Exercise: Keep every word of the listing and drop the images when you write it out.

Available data:
····················
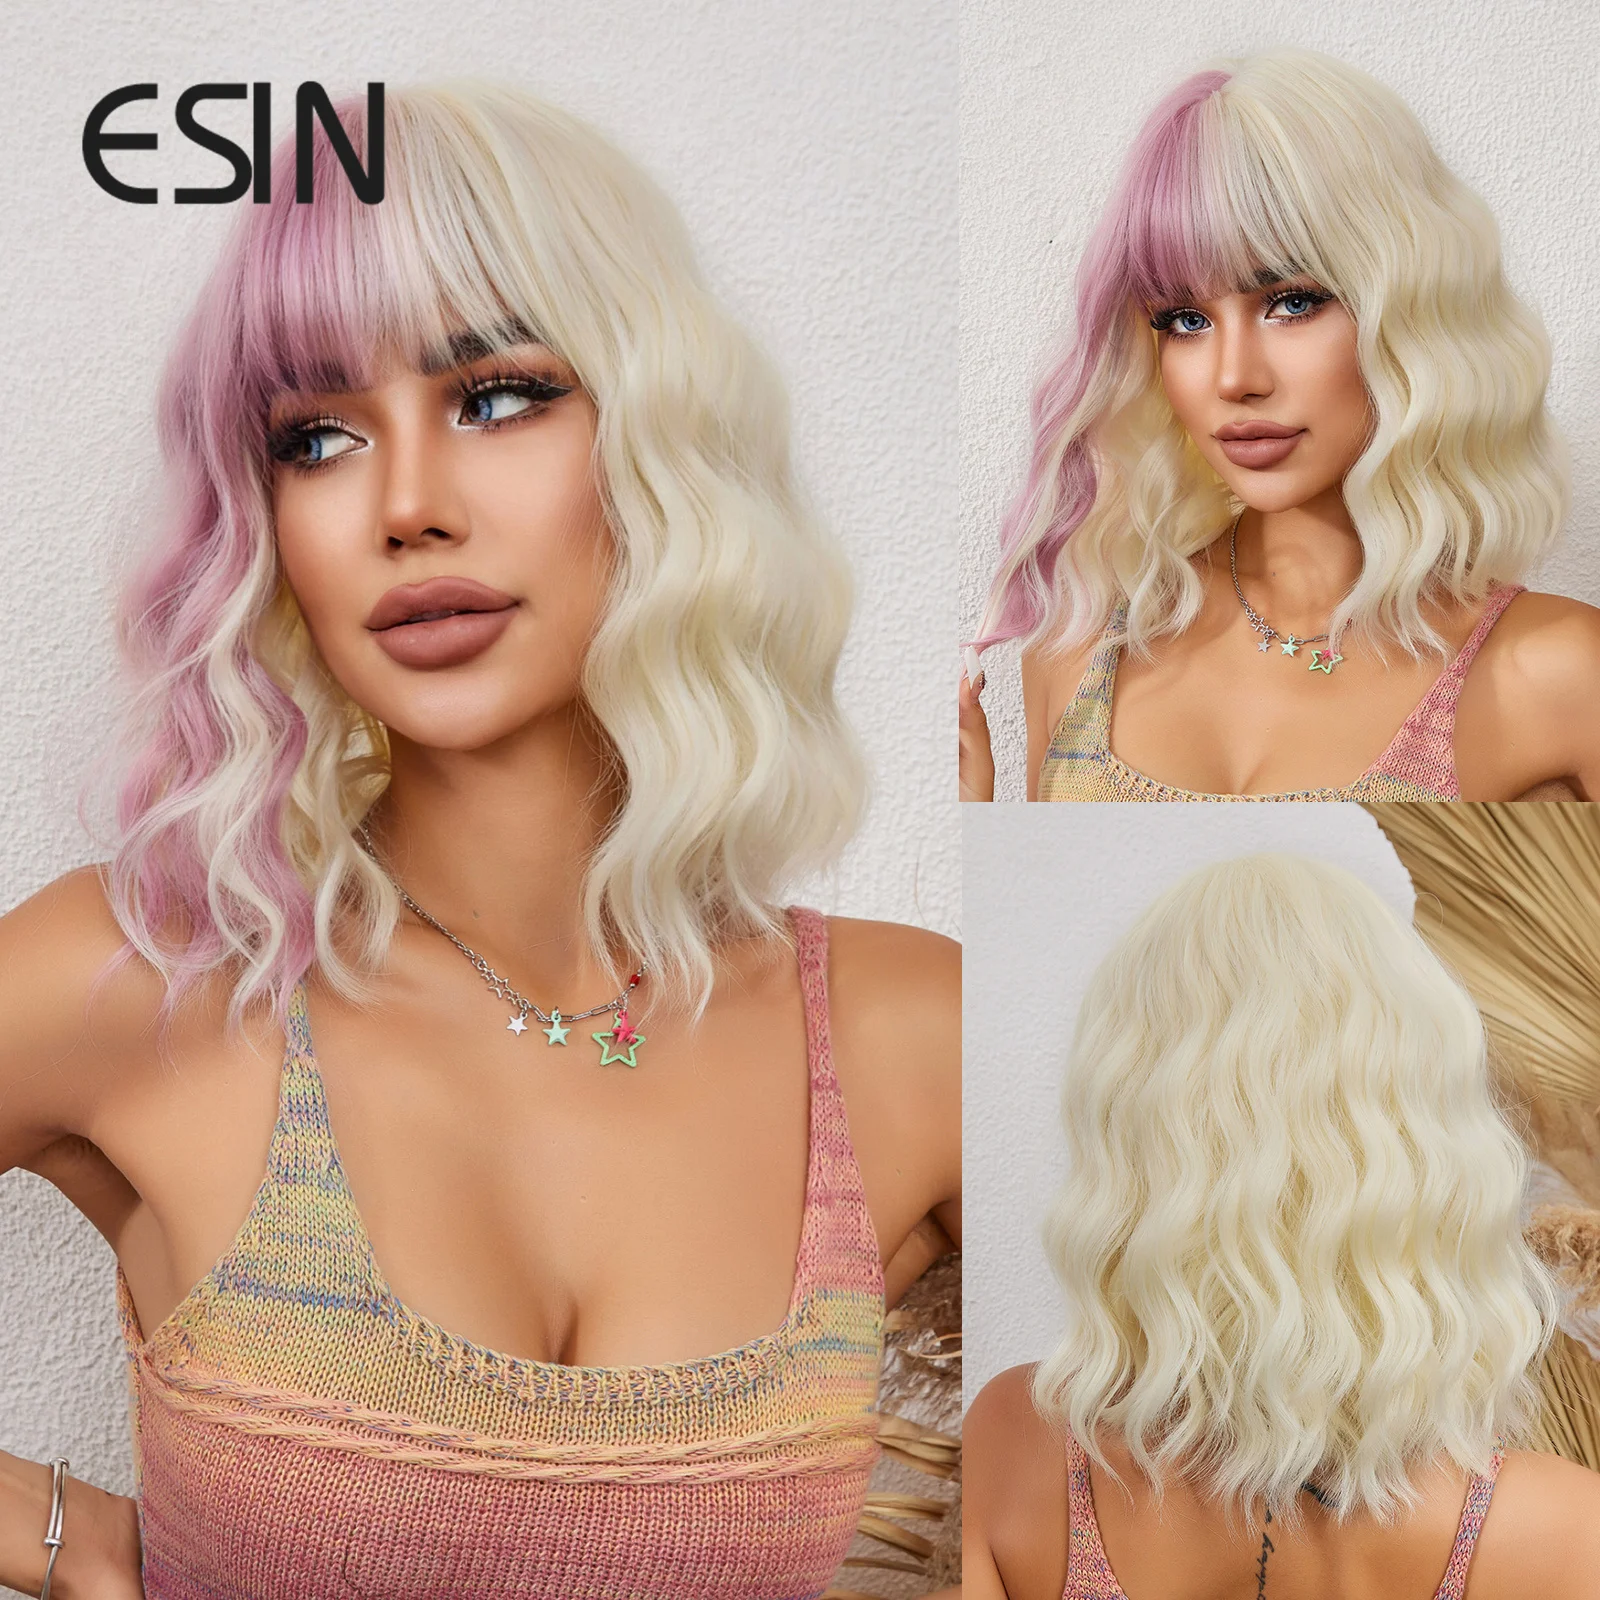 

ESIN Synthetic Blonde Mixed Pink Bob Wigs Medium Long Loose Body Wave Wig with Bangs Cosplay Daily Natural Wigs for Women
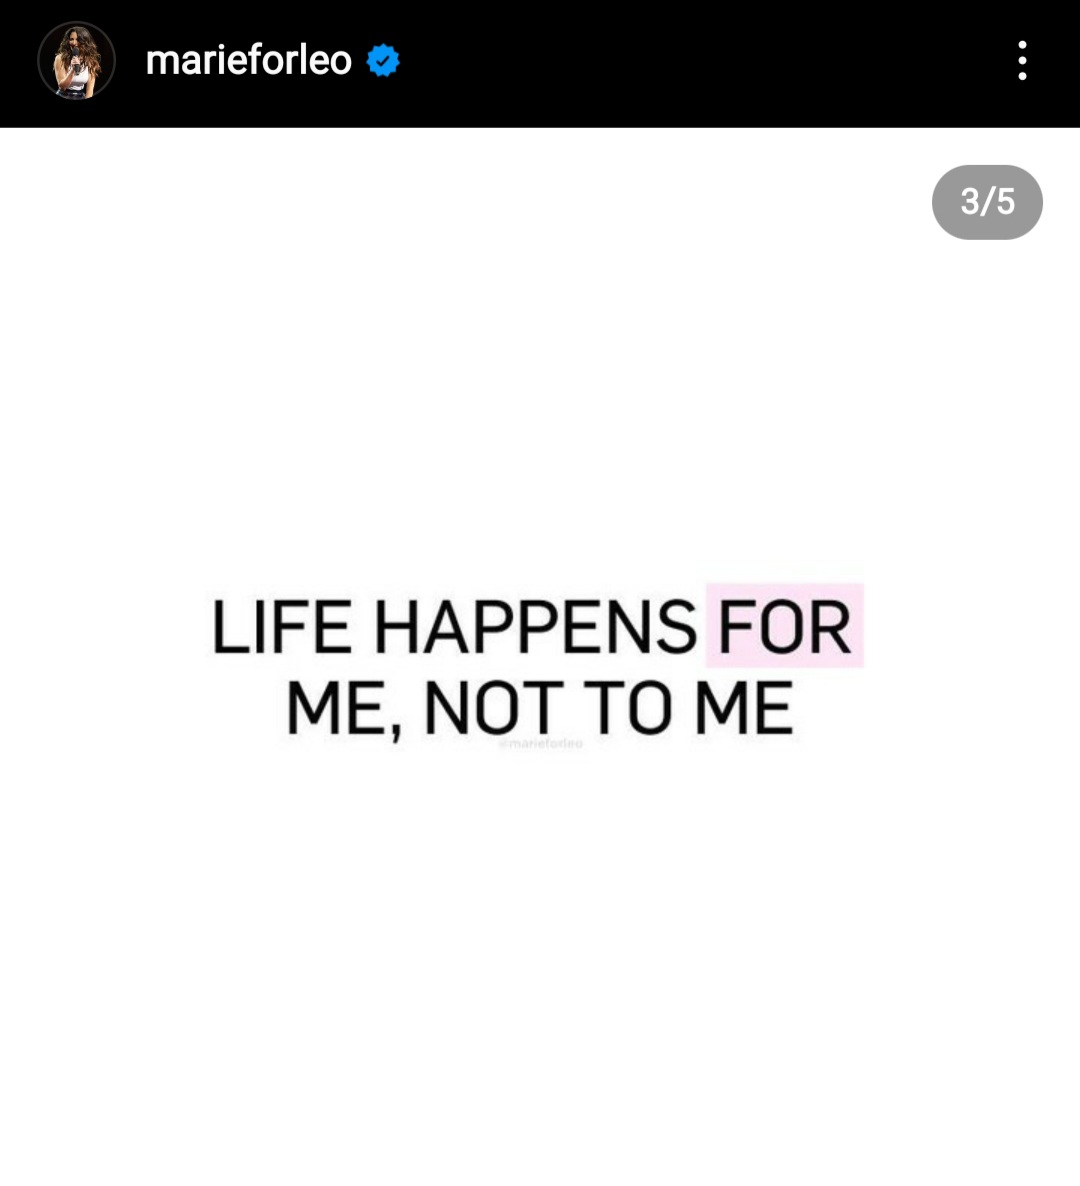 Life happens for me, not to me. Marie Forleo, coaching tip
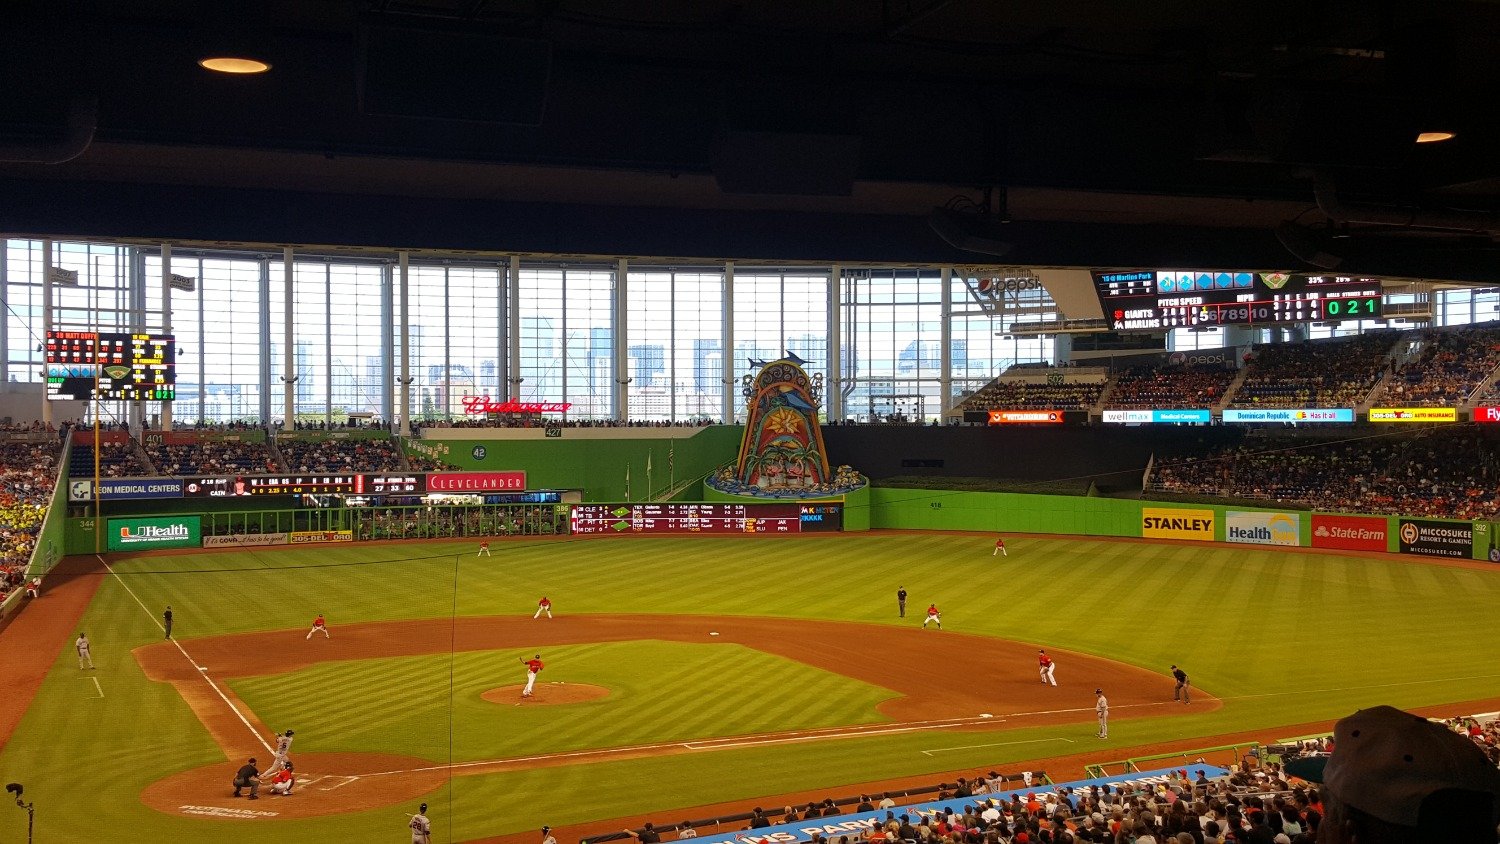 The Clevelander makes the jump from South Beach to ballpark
····················
Task response:
ESIN Synthetic Blonde Mixed Pink Bob Wigs Medium Long Loose Body Wave Wig with Bangs Cosplay Daily Natural Wigs for Women
 Life happens for me, not to me. Marie Forleo, coaching tip
 The Clevelander makes the jump from South Beach to ballpark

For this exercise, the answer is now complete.